Class ParquetTableLocationKey

All Implemented Interfaces:
LogOutputAppendable, ImmutableTableLocationKey, TableLocationKey, NamedImplementation, Comparable<TableLocationKey>

public class ParquetTableLocationKey extends URITableLocationKey
TableLocationKey implementation for use with data stored in the parquet format.
  • Constructor Details

    • ParquetTableLocationKey

      public ParquetTableLocationKey(@NotNull @NotNull File file, int order, @Nullable @Nullable Map<String,Comparable<?>> partitions, @NotNull @NotNull ParquetInstructions readInstructions)
      Construct a new ParquetTableLocationKey for the supplied file and partitions.
      Parameters:
      file - The parquet file that backs the keyed location. Will be adjusted to an absolute path.
      order - Explicit ordering index, taking precedence over other fields
      partitions - The table partitions enclosing the table location keyed by this. Note that if this parameter is null, the location will be a member of no partitions. An ordered copy of the map will be made, so the calling code is free to mutate the map after this call
      readInstructions - the instructions for customizations while reading
    • ParquetTableLocationKey

      public ParquetTableLocationKey(@NotNull @NotNull URI parquetFileUri, int order, @Nullable @Nullable Map<String,Comparable<?>> partitions, @NotNull @NotNull ParquetInstructions readInstructions)
      Construct a new ParquetTableLocationKey for the supplied parquetFileUri and partitions.
      Parameters:
      parquetFileUri - The parquet file that backs the keyed location. Will be adjusted to an absolute path.
      order - Explicit ordering index, taking precedence over other fields
      partitions - The table partitions enclosing the table location keyed by this. Note that if this parameter is null, the location will be a member of no partitions. An ordered copy of the map will be made, so the calling code is free to mutate the map after this call
      readInstructions - the instructions for customizations while reading
  • Method Details

    • getImplementationName

      public String getImplementationName()
      Description copied from interface: NamedImplementation

      Get a name for the implementing class. Useful for abstract classes that implement LogOutputAppendable or override toString.

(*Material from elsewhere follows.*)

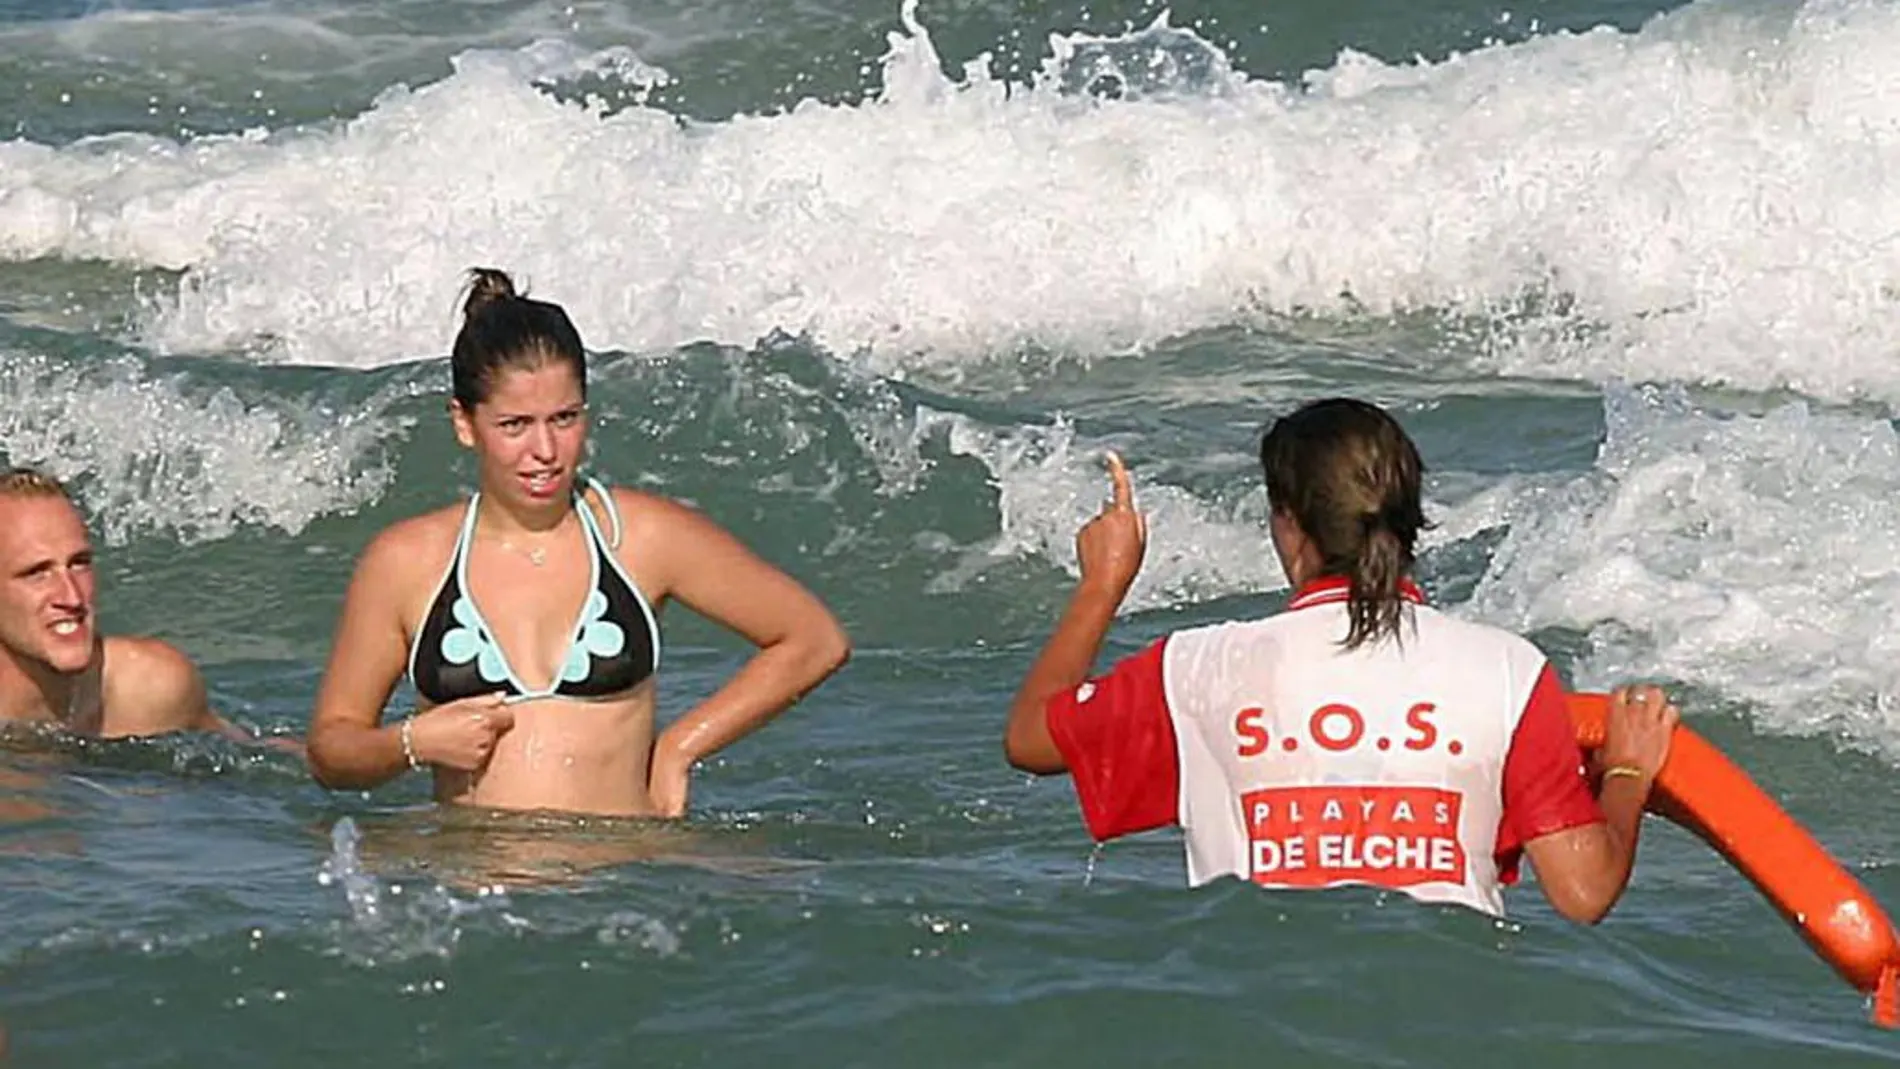 Una socorrista advierte a varias bañistas sobre el peligro de bañarse cuando el mar no está calmado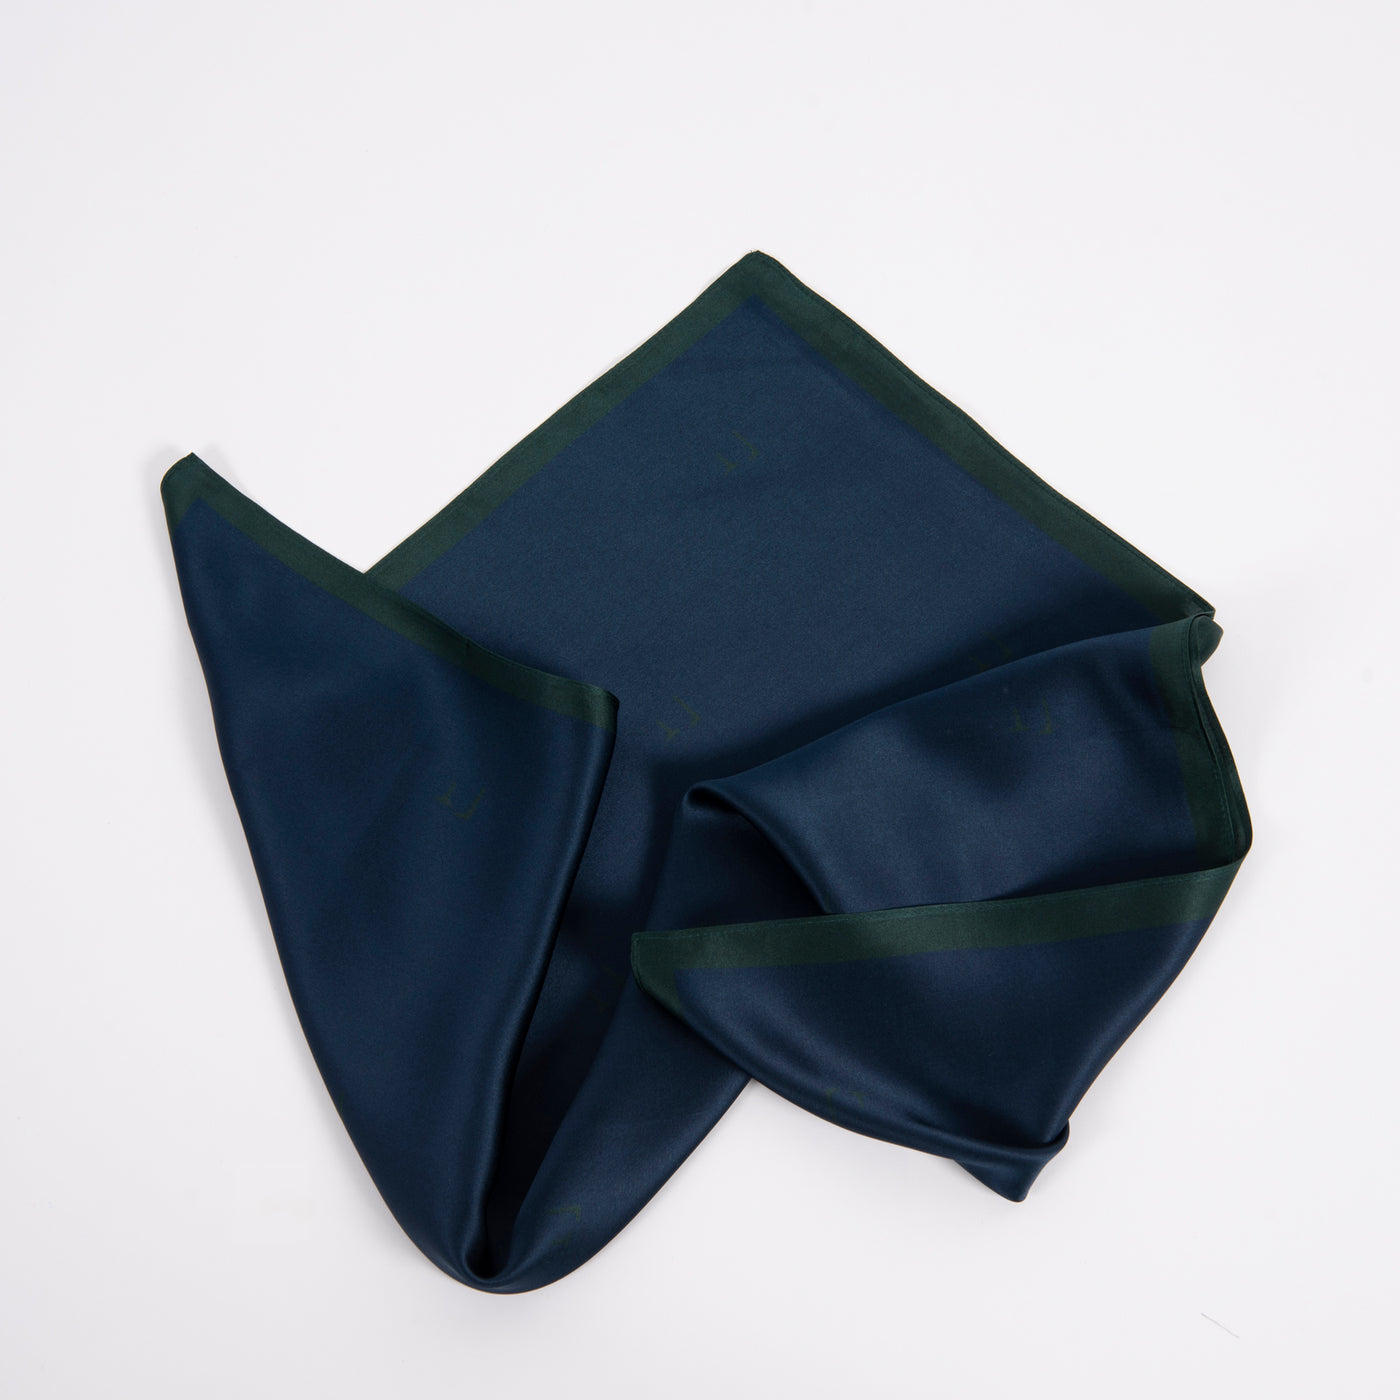 Frimino Paris Blue Silkeskjerf - Mørkeblå skjerf i 100% silke med mørk grønn kant og diskre print

      The default implementation is correct, but not suitable for high-frequency usage.

      Specified by:
      getImplementationName in interface NamedImplementation
      Overrides:
      getImplementationName in class URITableLocationKey
      Returns:
      A name for the implementing class
    • verifyFileReader

      public boolean verifyFileReader()
      Returns true if a previous ParquetFileReader has been created, or if one was successfully created on-demand.

      When false, this may mean that the file:

      1. does not exist, or is otherwise inaccessible
      2. is in the process of being written, and is not yet a valid parquet file
      3. is _not_ a parquet file
      4. is a corrupt parquet file
      Callers wishing to handle these cases more explicit may call ParquetTools.getParquetFileReaderChecked(URI, ParquetInstructions).
      Returns:
      true if the file reader exists or was successfully created
    • getFileReader

      public ParquetFileReader getFileReader()
      Get a previously-set or on-demand created ParquetFileReader for this location key's file.
      Returns:
      A ParquetFileReader for this location key's file.
    • setFileReader

      public void setFileReader(ParquetFileReader fileReader)
      Set the ParquetFileReader that will be returned by getFileReader(). Pass null to force on-demand construction at the next invocation. Always clears cached ParquetMetadata and RowGroup indices.
      Parameters:
      fileReader - The new ParquetFileReader
    • getMetadata

      public org.apache.parquet.hadoop.metadata.ParquetMetadata getMetadata()
      Get a previously-set or on-demand created ParquetMetadata for this location key's file.
      Returns:
      A ParquetMetadata for this location key's file.
    • setMetadata

      public void setMetadata(org.apache.parquet.hadoop.metadata.ParquetMetadata metadata)
      Set the ParquetMetadata that will be returned by getMetadata() ()}. Pass null to force on-demand construction at the next invocation.
      Parameters:
      metadata - The new ParquetMetadata
    • getRowGroupIndices

      public int[] getRowGroupIndices()
      Get previously-set or on-demand created RowGroup indices for this location key's current ParquetFileReader.
      Returns:
      RowGroup indices for this location key's current ParquetFileReader.
    • setRowGroupIndices

      public void setRowGroupIndices(int[] rowGroupIndices)
      Set the RowGroup indices that will be returned by getRowGroupIndices()
      Parameters:
      rowGroupIndices - The new RowGroup indices